Closed elrayle closed 3 years ago
ACTION: @elrayle will look to see where in the process on the QA side this fails (e.g. loading of graph vs. creation of json for output)
The data returned from services.ld4l.org
is different from that returned by wintermute
.
Results requested with...
curl -L -D - -H 'Accept: application/n-triples' 'http://services.ld4l.org/ld4l_services/ligatus_batch.jsp?query=case%20binding&maxRecords=10&startRecord=1&lang=en'
curl -L -D - -H 'Accept: application/n-triples' 'http://wintermute.slis.uiowa.edu:8081/ld4l_services/ligatus_batch.jsp?query=case%20binding&maxRecords=10&startRecord=1&lang=en'
Examples...
services
<http://w3id.org/lob/concept/1195> <http://www.w3.org/2004/02/skos/core#prefLabel> "adhesive-case bindings"@en .
wintermute
<http://w3id.org/lob/concept/1195> <http://www.w3.org/2004/02/skos/core#prefLabel> "adhesive-case bindings@en"@en .
NOTE: The extra @en
inside the string and again outside the string in the wintermute version.

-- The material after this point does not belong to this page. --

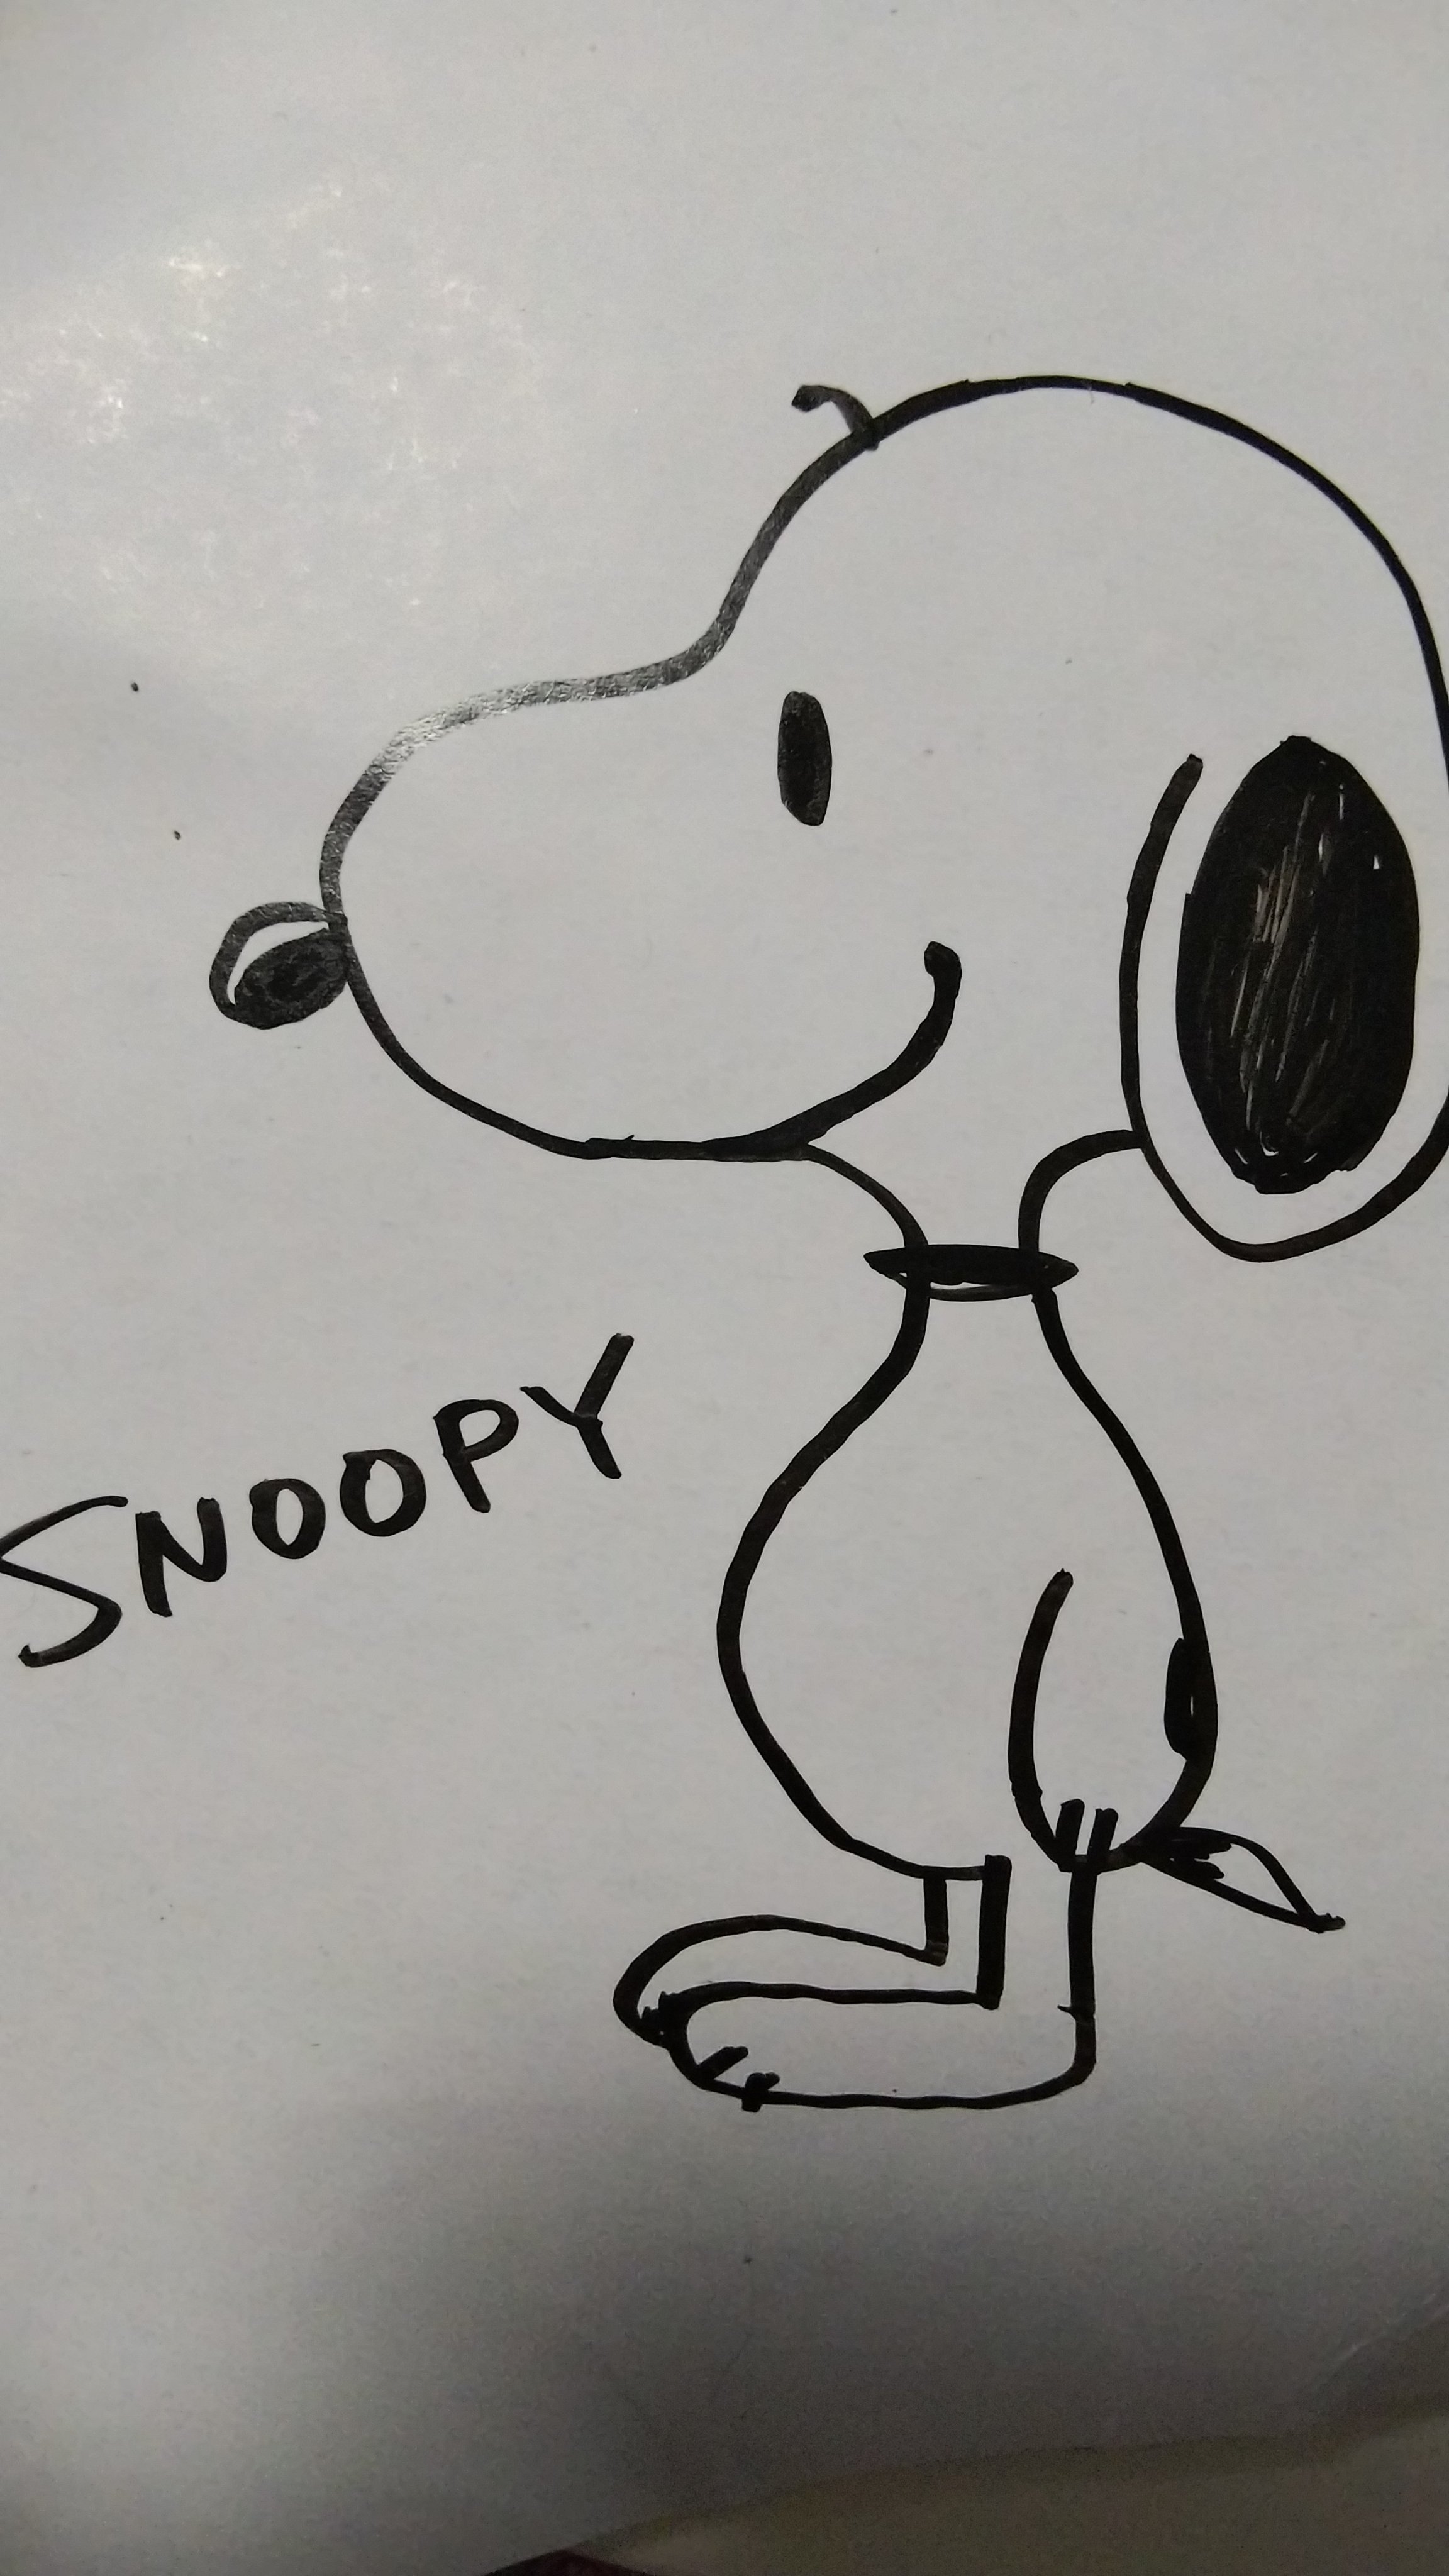 Snoopy Museum Tokyo スヌーピーの描き方をご紹介します あなたが描いたスヌーピーに スヌーピーを描こう をつけてシェアしてくださいね Snoopymuseumtokyo Snoopy Peanuts スヌーピーミュージアム スヌーピー ピーナッツ Howtodraw

Example predicates for <http://w3id.org/lob/concept/1195>
predicate | services | wintermute | comments |
---|---|---|---|
prefLabel | 1 | 2 | 2nd prefLabel in wintermute results is a duplicate |
altLabel | 4 | 2 | extra 2 altLabels in service are duplicates |
narrower | 2 | 1 | 2nd narrower in service is a duplicate |
broader | 1 | 1 | |
inScheme | 1 | 1 | |
scopeNote | 1 | 1 | |
type | 1 | 1 | |
rank | 1 | 1 |
Results are identified in the table as id (rank)
services | wintermute |
---|---|
1195 (3) | 1195 (3) |
1413 (7) | 1413 (2) |
1414 (8) | |
1415 (9) | |
1665 (6) * | |
3035 (6) | |
3061 (10) | 3061 (5) |
3300 (4) | |
3796 (1) | |
4103 (5) | |
4165 (4) | 4165 (1) |
4549 (2) |
I confirmed that the problem with the data is that it has an actual line break. The \n
is not a problem.
PASSES:
<http://w3id.org/lob/concept/1665> <http://www.w3.org/2004/02/skos/core#altLabel> "label with \n in the middle"@en .
FAILS: with error Expected object (found: "\"label with")
<http://w3id.org/lob/concept/1665> <http://www.w3.org/2004/02/skos/core#altLabel> "label with
\n and an actual new line"@en .
ACTION: @eichmann will run indexer in debug mode to see if line breaks are escaped. If needed, escaping of line breaks will be re-established.
This triple store is small and easy to repair, but it seems like this would be a problem for any authority that has significant quantities of text (e.g. source notes).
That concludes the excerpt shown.